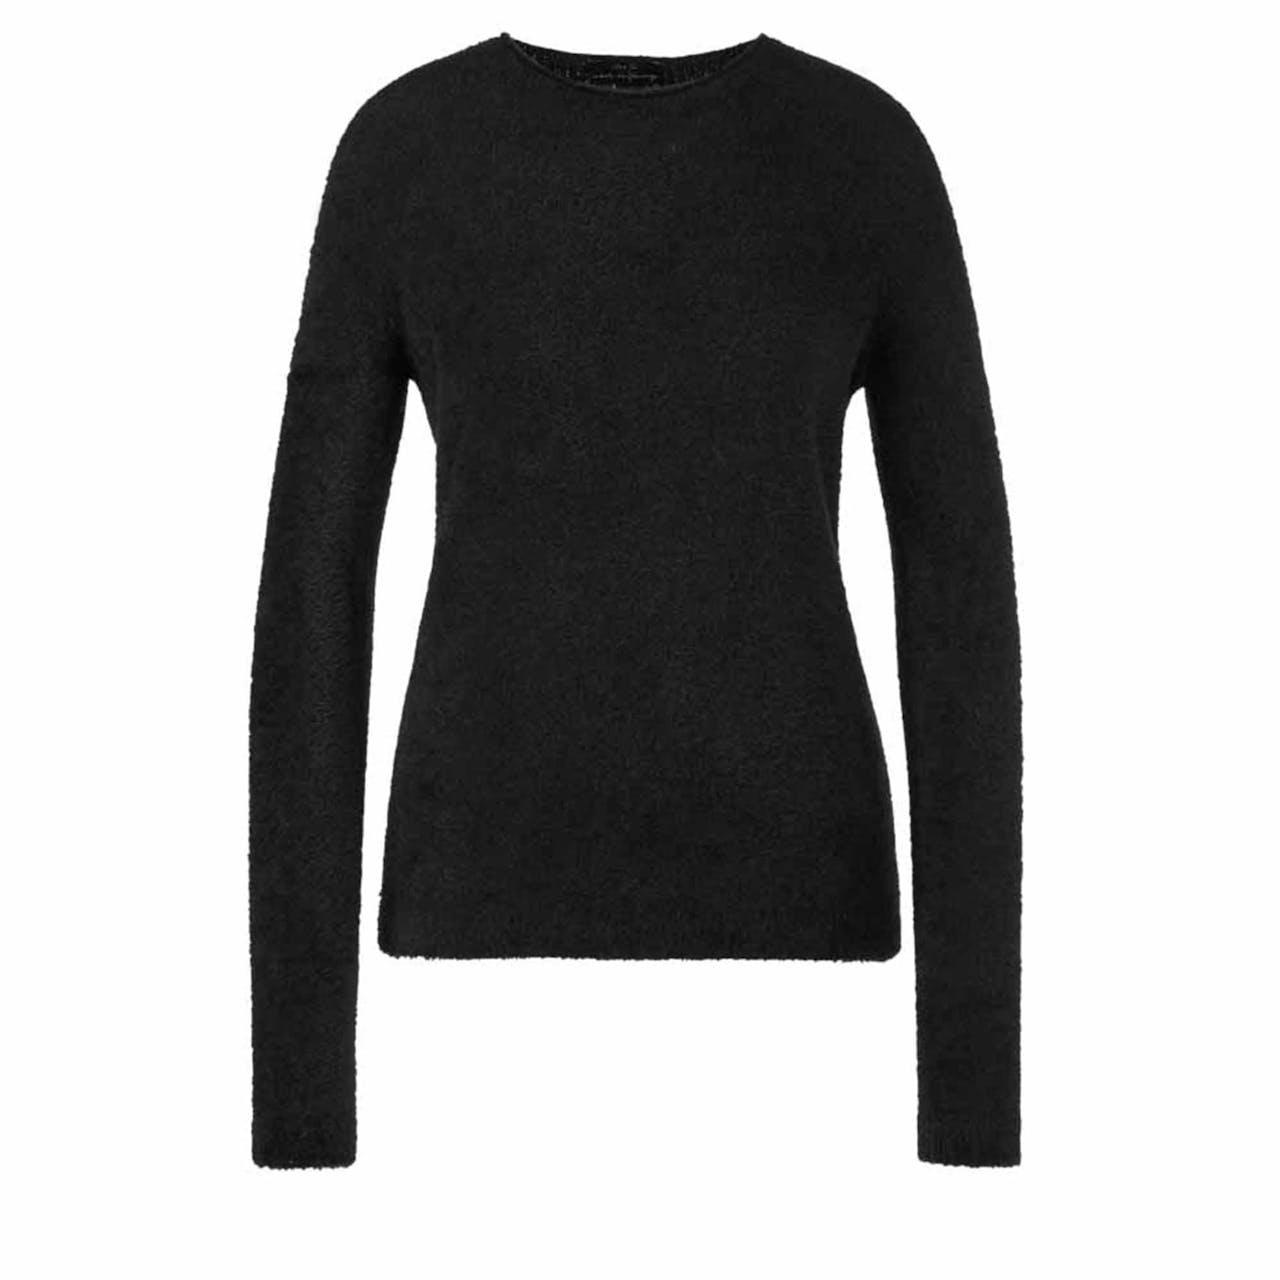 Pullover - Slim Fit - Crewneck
==
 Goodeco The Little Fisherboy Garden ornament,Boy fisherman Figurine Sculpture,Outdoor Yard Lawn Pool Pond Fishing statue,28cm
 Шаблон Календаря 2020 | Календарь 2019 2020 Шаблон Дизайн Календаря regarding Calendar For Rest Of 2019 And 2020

● **HOW TO COMPLETE THIS TASK**
Please copy the lines in the records above between the one holding "Goodeco The Little" and the one holding "Шаблон Календаря 2020", inclusive, exactly and with no other line.

● **EXERCISE RESPONSE**
 Goodeco The Little Fisherboy Garden ornament,Boy fisherman Figurine Sculpture,Outdoor Yard Lawn Pool Pond Fishing statue,28cm
 Шаблон Календаря 2020 | Календарь 2019 2020 Шаблон Дизайн Календаря regarding Calendar For Rest Of 2019 And 2020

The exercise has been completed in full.